In our experiment, we utilized SERS and PC-DFA to characterize subpopulations of exosomes from various cellular origins as well as patient sera. The SERS spectra of exosomes, derived from one healthy and two pancreatic cancer cell lines, were successfully characterized and classified by a PC-DFA algorithm. Further, the PC-DFA algorithm trained from the three cell lines was applied to the SERS spectra of exosomes isolated from pancreatic cancer patient serum samples to investigate the diagnostic efficacy of exosome spectral signatures.

Methods

Exosome isolation from cell medium and serum

Three hundred ml of cell medium was centrifuged in 50 ml aliquots at 11,200 G for ten minutes at 4 °C to remove dead cells and cellular debris. The supernatant was then filtered and concentrated. The exosomes were isolated using a sucrose density gradient as detailed earlier.27 The purified particles were washed using 10 mM Borate Buffer, resuspended in 50 μl of buffer and stored at –20 °C.

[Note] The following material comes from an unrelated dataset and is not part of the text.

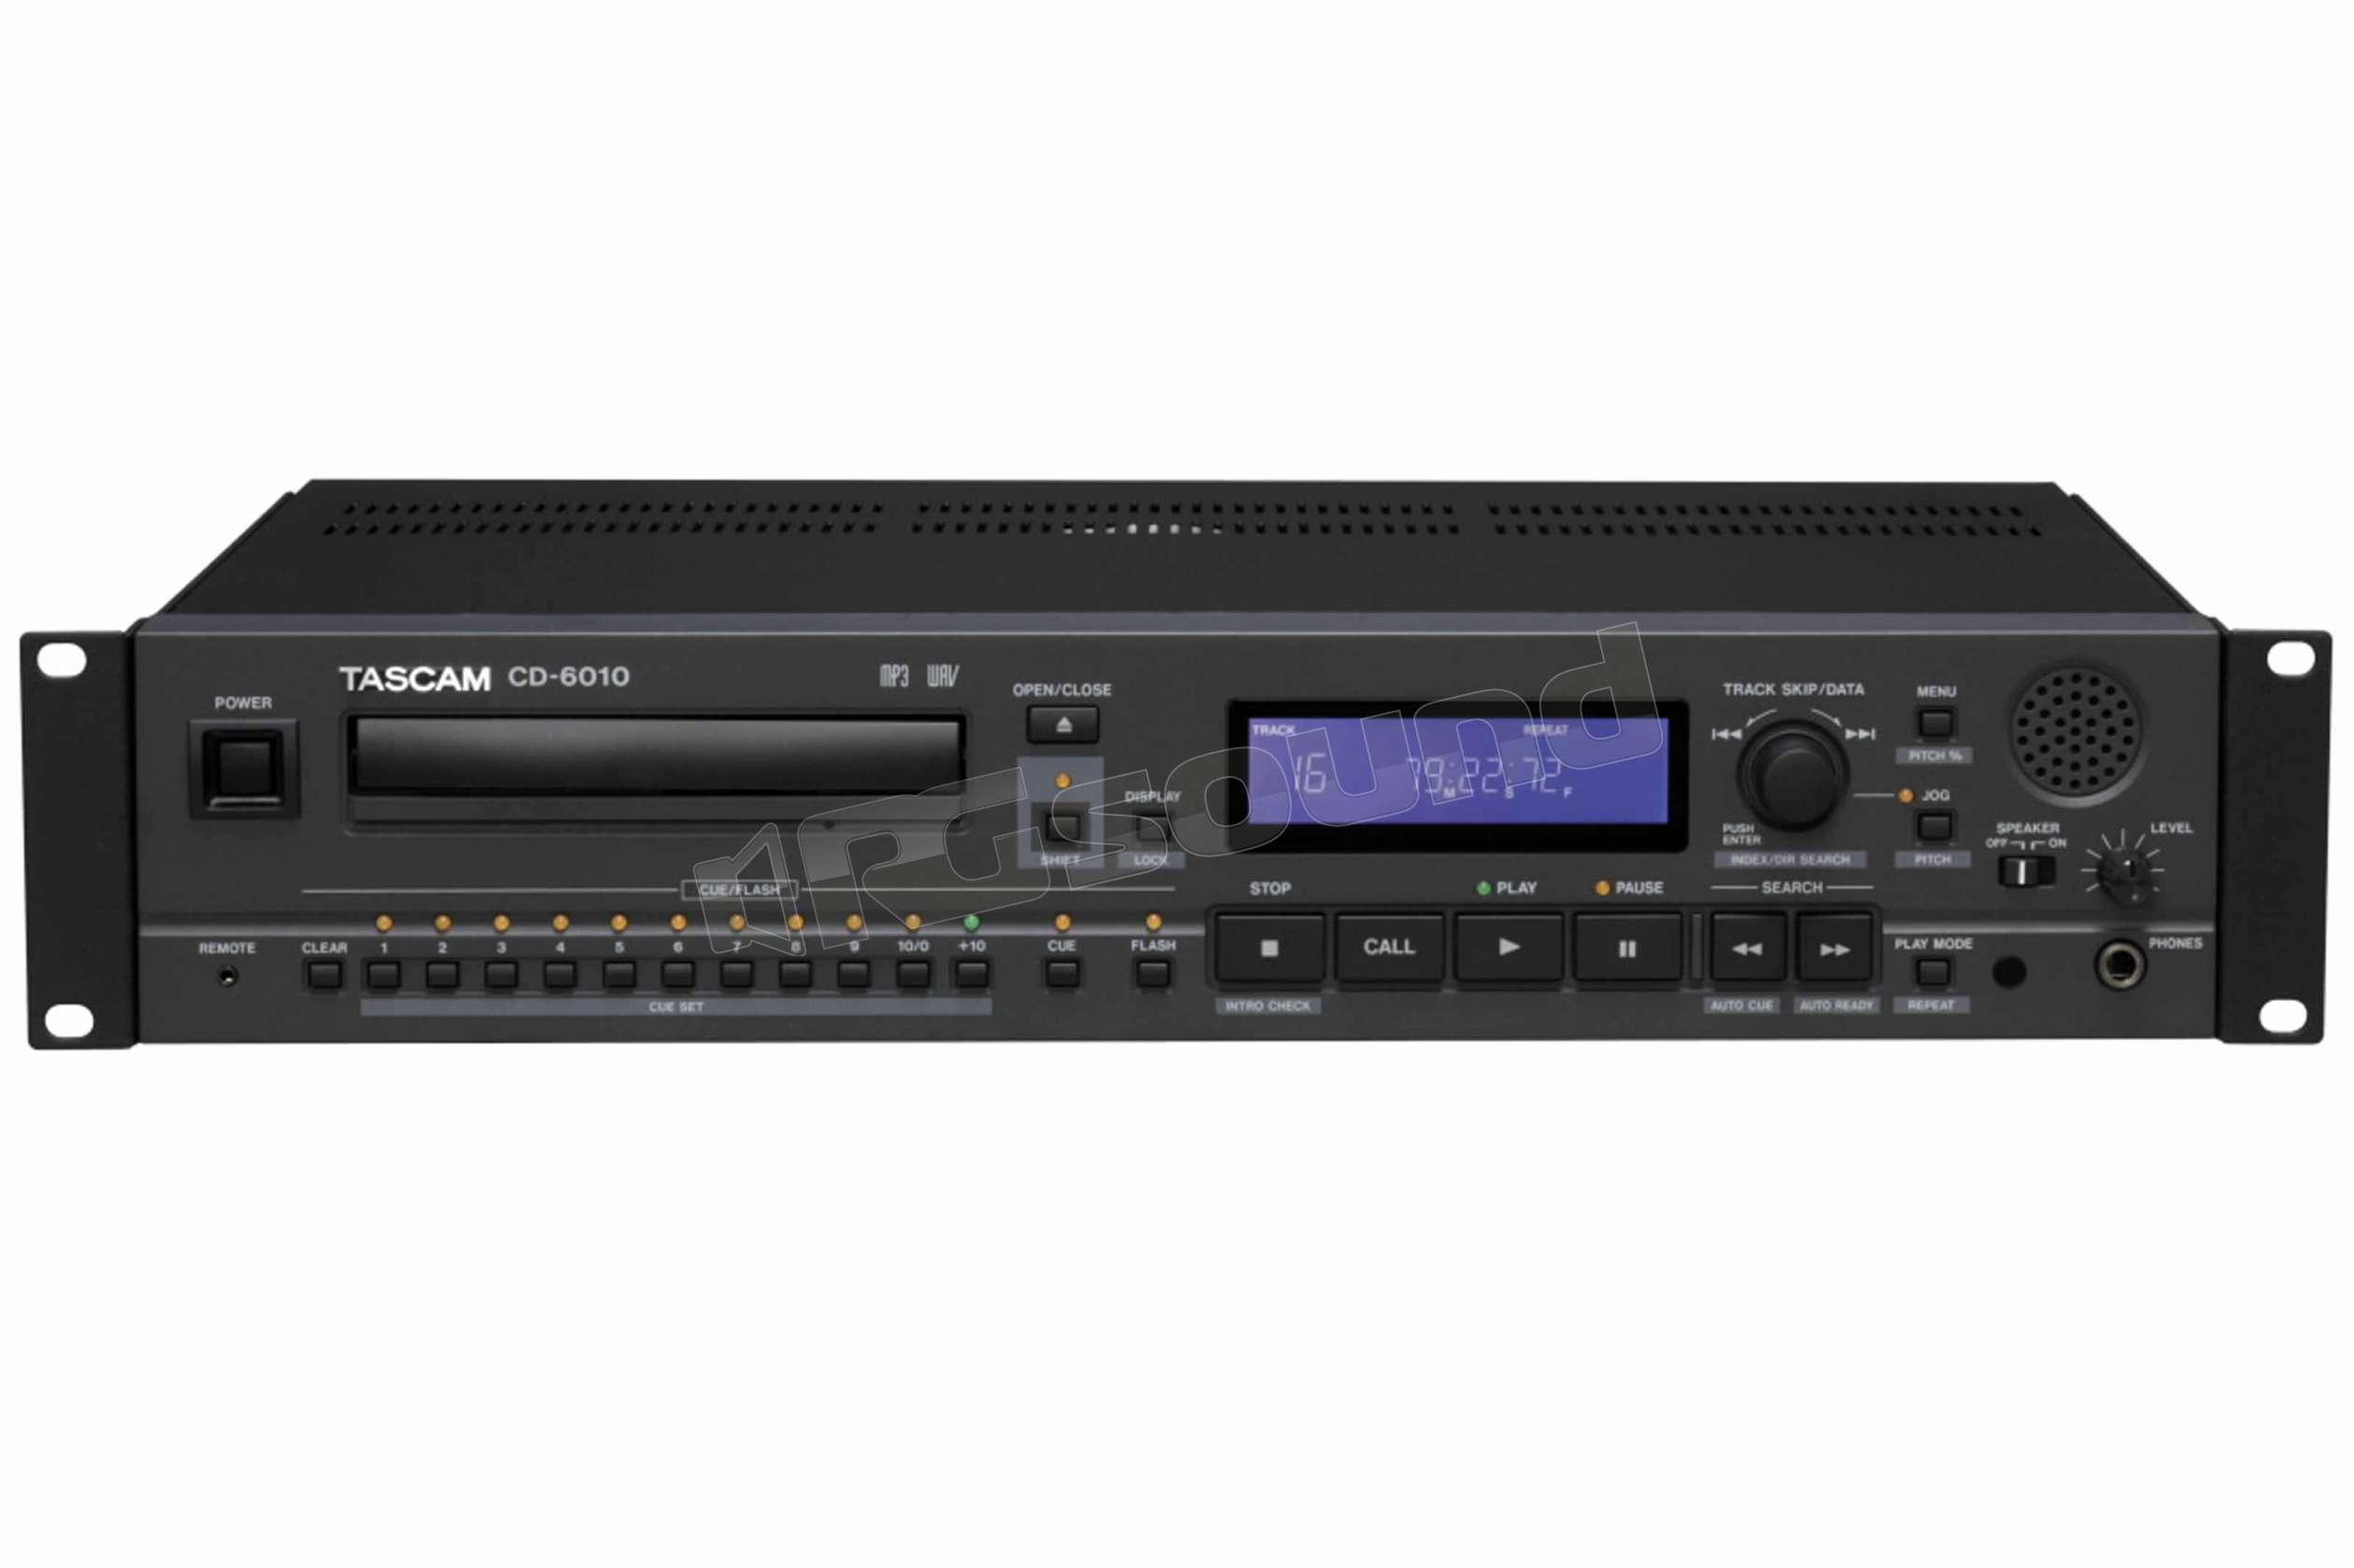 grandi affari sulla moda a basso costo aspetto elegante TASCAM CD-6010 lettore CD professionale con funzioni playback top di gamma  | Diffusori Home e Home Theatre - Lettori Compact Disc

Exosomes were isolated from benign control patients and pancreatic cancer patients with early stage (IA-IIB) disease (IRB # 517–15-EP). For the isolation of exosomes from serum, one ml of patient serum was added to 1.5 ml PBS and centrifuged at 500 G for 10 min at 4 °C. The supernatant was collected and then centrifuged at 12,000 G for 20 min at 4 °C. Again, the supernatant was collected and centrifuged at 100,000 G for six hours at 4 °C. The pellet that formed was suspended with 3 ml PBS and centrifuged for the final time at 100,000 G for two hours at 4 °C. From here the exosome pellet was treated with the same density gradient steps as described for isolation from cell medium. The particles from each fraction were resuspended in 50 μl of PBS and stored at –20 °C.

Transmission electron microscopy (TEM)

For TEM analyses, 6 μL of purified exosome preparation was loaded onto the TEM copper grid and allowed to dry for three minutes followed by removal of excess sample. Nanovan vanadium negative stain (6 μL) was then added to the grid and allowed to rest for one minute when excess was removed and the grids were then incubated for five minutes. Samples were then analyzed by a Tecnai G2 Spirit transmission electron microscope (FEI Inc., Hillsboro, Oregon, USA).

Atomic force microscopy (AFM)

The overall negative charge of exosomes was exploited for depositing them on positively charged mica substrate modified with aminopropylsilatrane (APS) and prepared as described in previous publications.28 Exosome samples (5 μL) were left to incubate for a total of 2 min. Excess samples were washed with DI water and dried under argon flow. AFM images were acquired using a MultiMode AFM NanoScope IV system (Bruker Instruments, Santa Barbara, CA, USA) operating in tapping mode with a 1.5 Hz scanning rate using a TESPA-300 probe from Bruker with a resonance frequency of 320 kHz and a spring constant of about 40 N/m. Images were processed using the FemtoScan Online software package (Advanced Technologies Center, Moscow, Russia).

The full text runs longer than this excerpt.